A lot however would depend on how the UNHRC vote turns out to be, and which of the smaller nations is on whose side. Sri Lanka does not count much on that score. It is shadow-boxing between the US-led West on the one side and China on the other. Sri Lanka is the victim and target at the same time. The nation can expect support from Russia too at the UN Security Council, but if it will bother garnering support for Sri Lanka in the UNHRC, like China did whenever required, is a different question.

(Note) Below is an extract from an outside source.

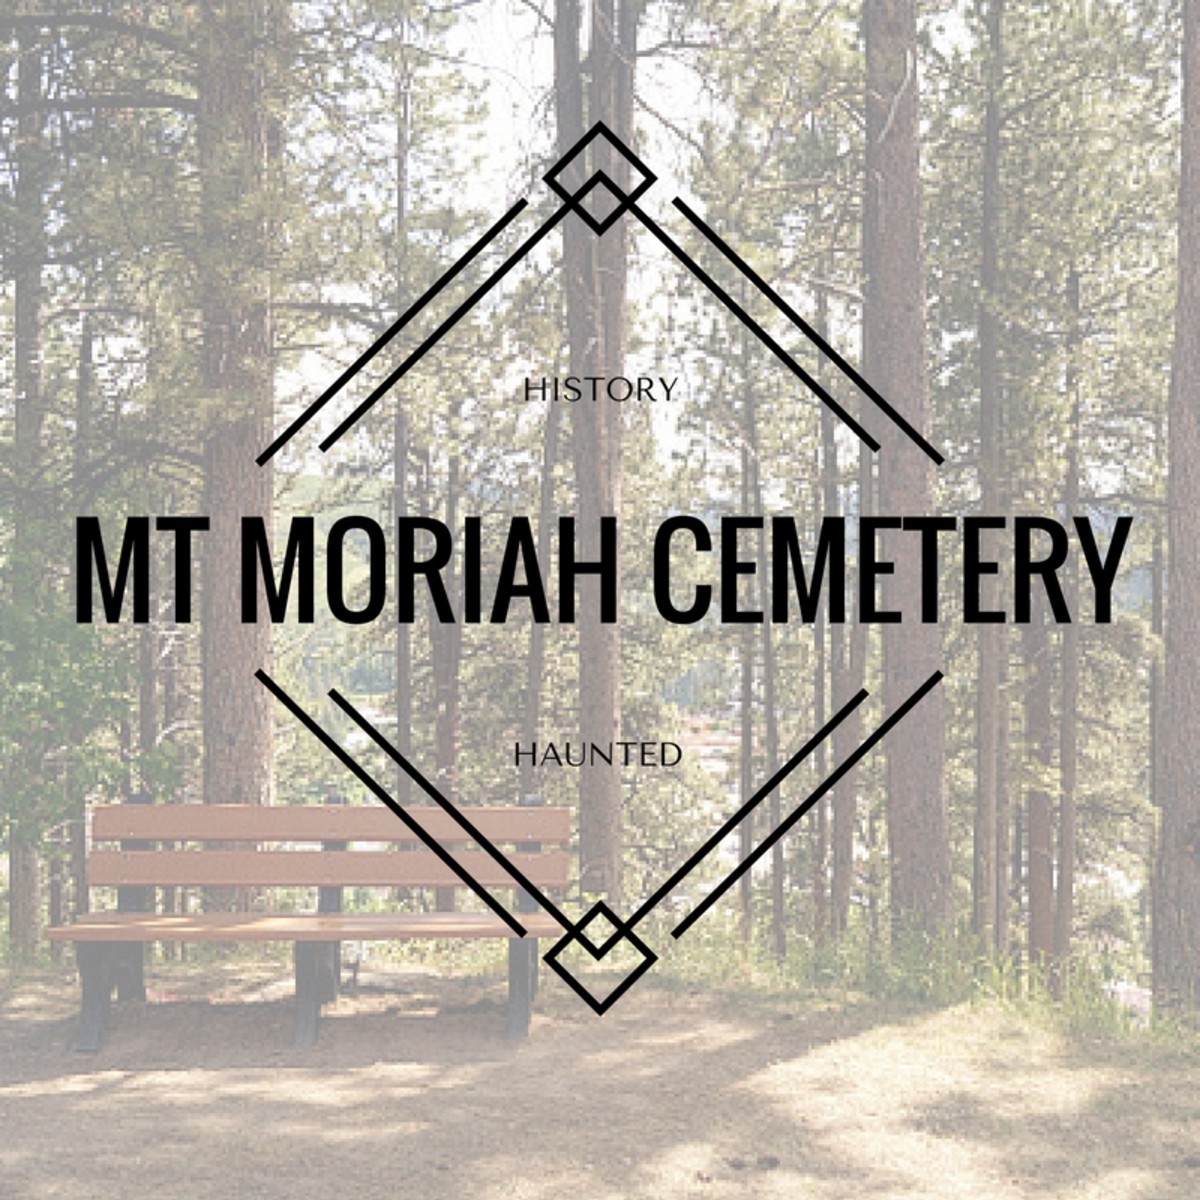 Mt. Moriah Cemetery and a Possible Haunting by Seth Bullock

With the US and Russia recently showing a keener interest than already in befriending the Rajapaksa-led Sri Lanka all over again, and talking about ‘military cooperation’ all over again, the question now remains which way would be pendulum swing. Or, will the pendulum swing at all, if the West is convinced that the Rajapaksas are China-centric and China was Rajapaksas-centric on matters Sri Lanka?

If the Silva affair is any indication, it only implies that the Rajapaksas in Colombo might not have acted/reacted favourably to inherited US propositions on SOFA and MCC. The previous government, especially the Wickremesinghe-led UNP constituent, had agreed to in principle and was also campaigning for the same within the country – at times even more than for their presidential candidate, Sajith Premadasa. He lost the elections.

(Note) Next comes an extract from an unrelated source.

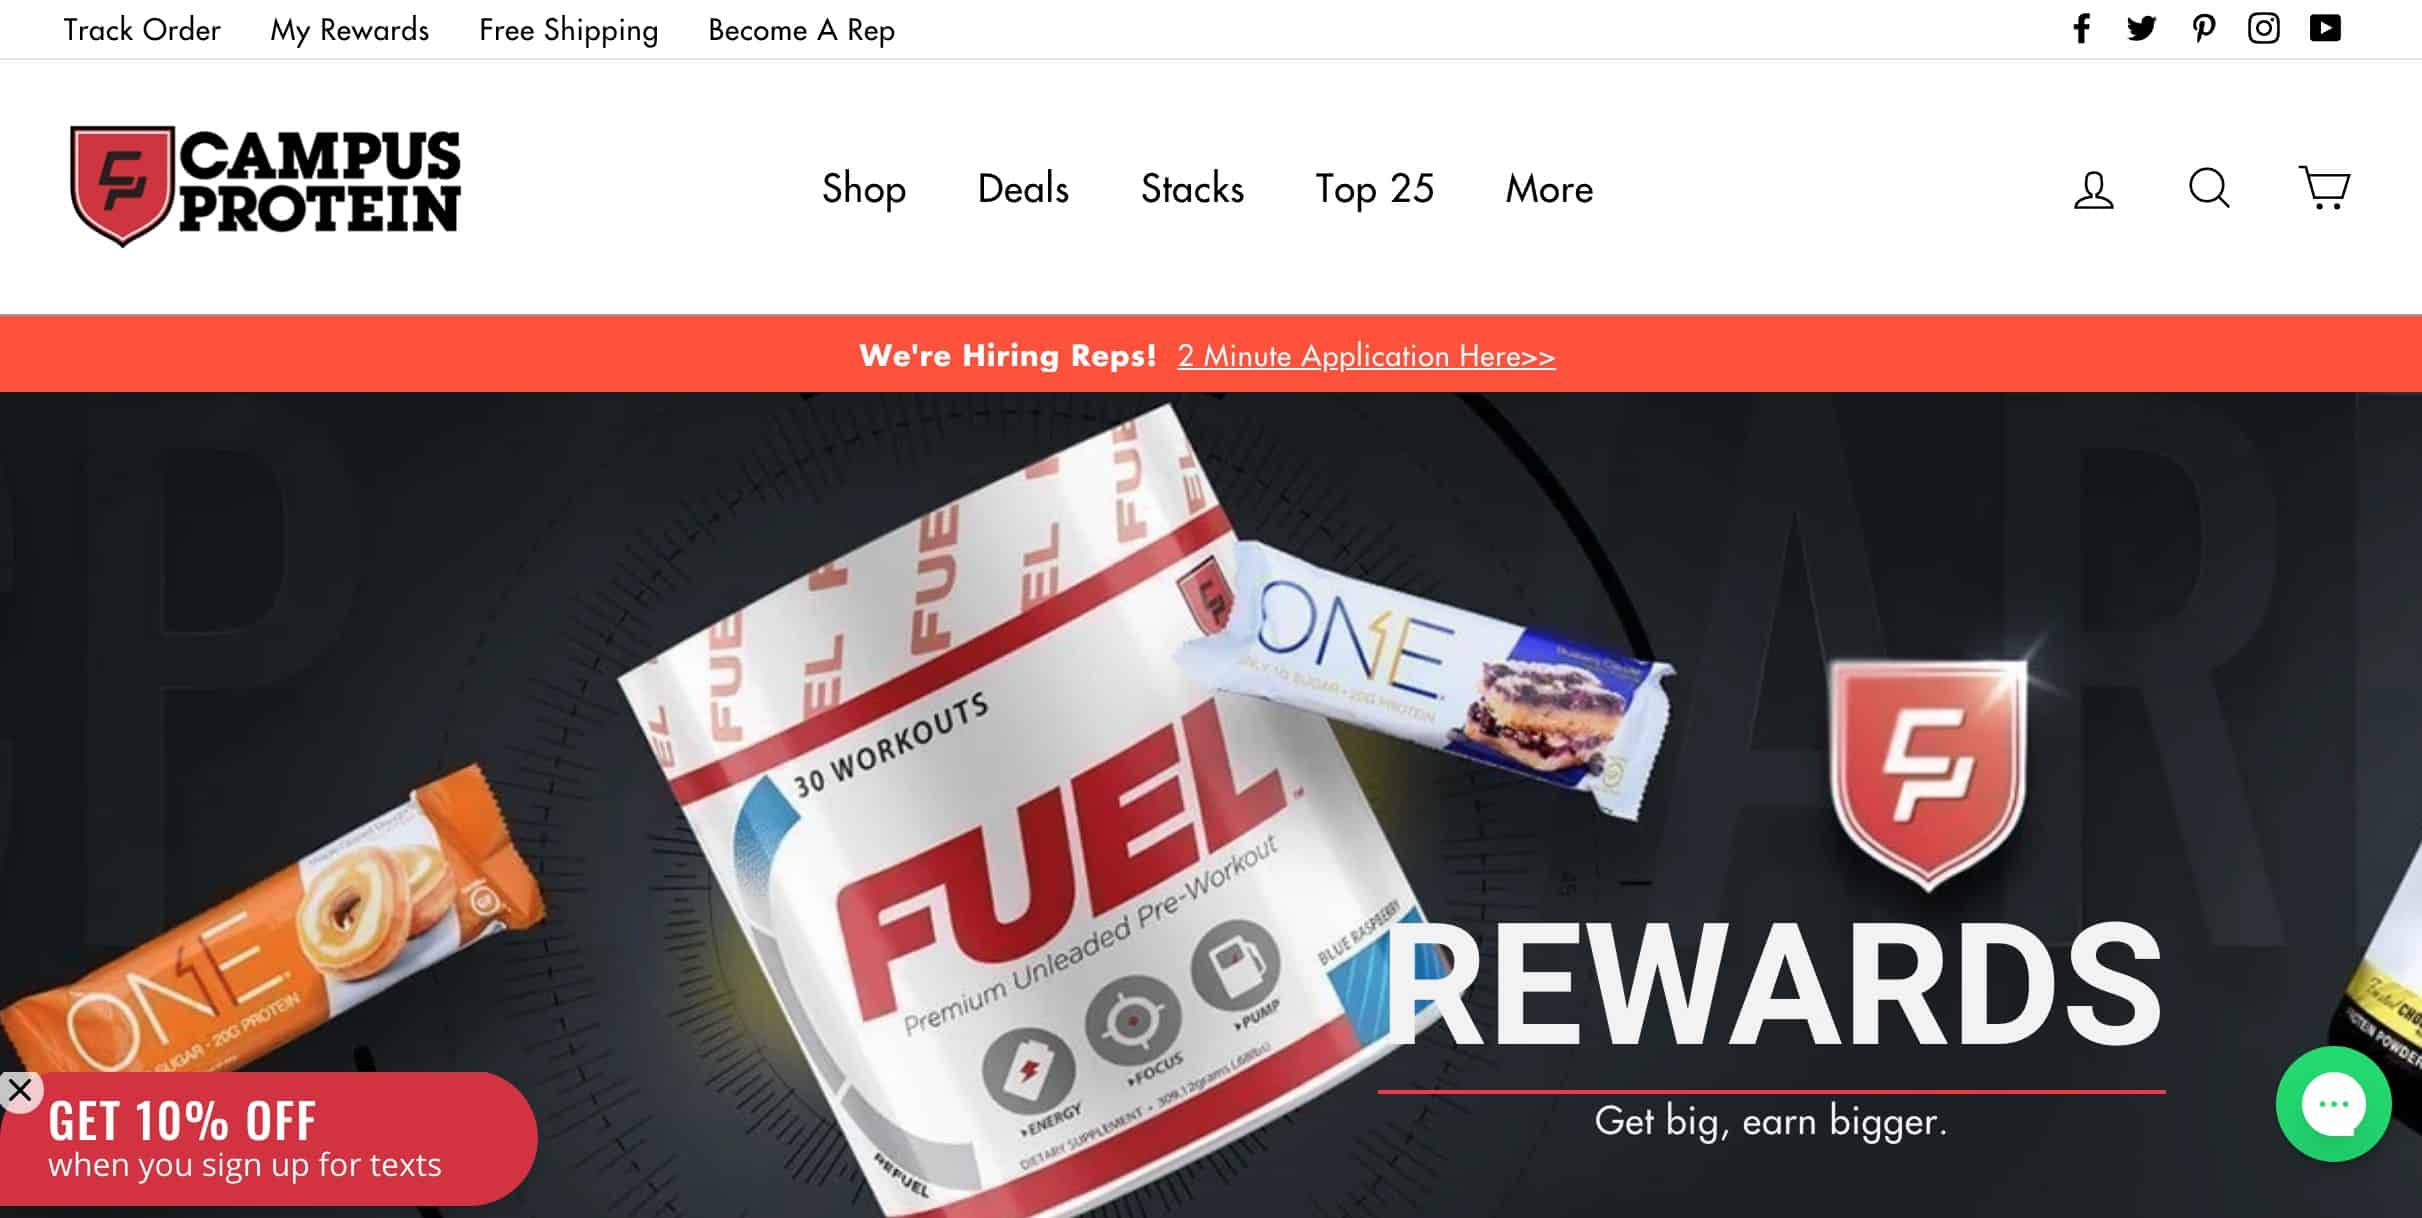 ecommerce live chat campus protein rewards page

[title]Wrong timing…[/title]

Clearly, the US might have chosen a wrong time for wooing the Rajapaksas. Nothing would have moved in their favour especially ahead of the upcoming parliamentary polls and those to the nine provincial councils, afterwards. That is to say, nothing much could have been done to ACSA and MCC, even assuming that the Rajapaksas had come round.

There is even otherwise no question of the Sri Lankan State structures agreeing to ACSA. For the individual soldier in its ranks, letting ‘foreign boots’ even of friendly nations set foot on Sri Lankan soil, or waters, and on a near-permanent basis is a no-no after their ‘historic win’ over the LTTE with the nation’s limited non-human resources.

As ‘Sinhala-Buddhist nationalists’, hard-liners or not, the Rajapaksas would have found it difficult to convince themselves first, their ranks and the large segment of the ilk, outside of their SLPP-led combine. If the world believed that the Rajapaksas had only a large ‘Sinhala-Buddhist constituency’, the US was now asking them to hurt it in every which way. That’s not on, and not only with the Rajapaksas.

If Government officials, including Foreign Minister Dinesh Gunawardena, are reacting for the Sri Lankan State and the Rajapaksas at the same time, UNP’s Sajith Premadasa as the combined Opposition’s prime ministerial candidate, has defended Gen Silva equally so. It is as much a personal conviction for him and his camp-followers, as it may be constituency-driven, too.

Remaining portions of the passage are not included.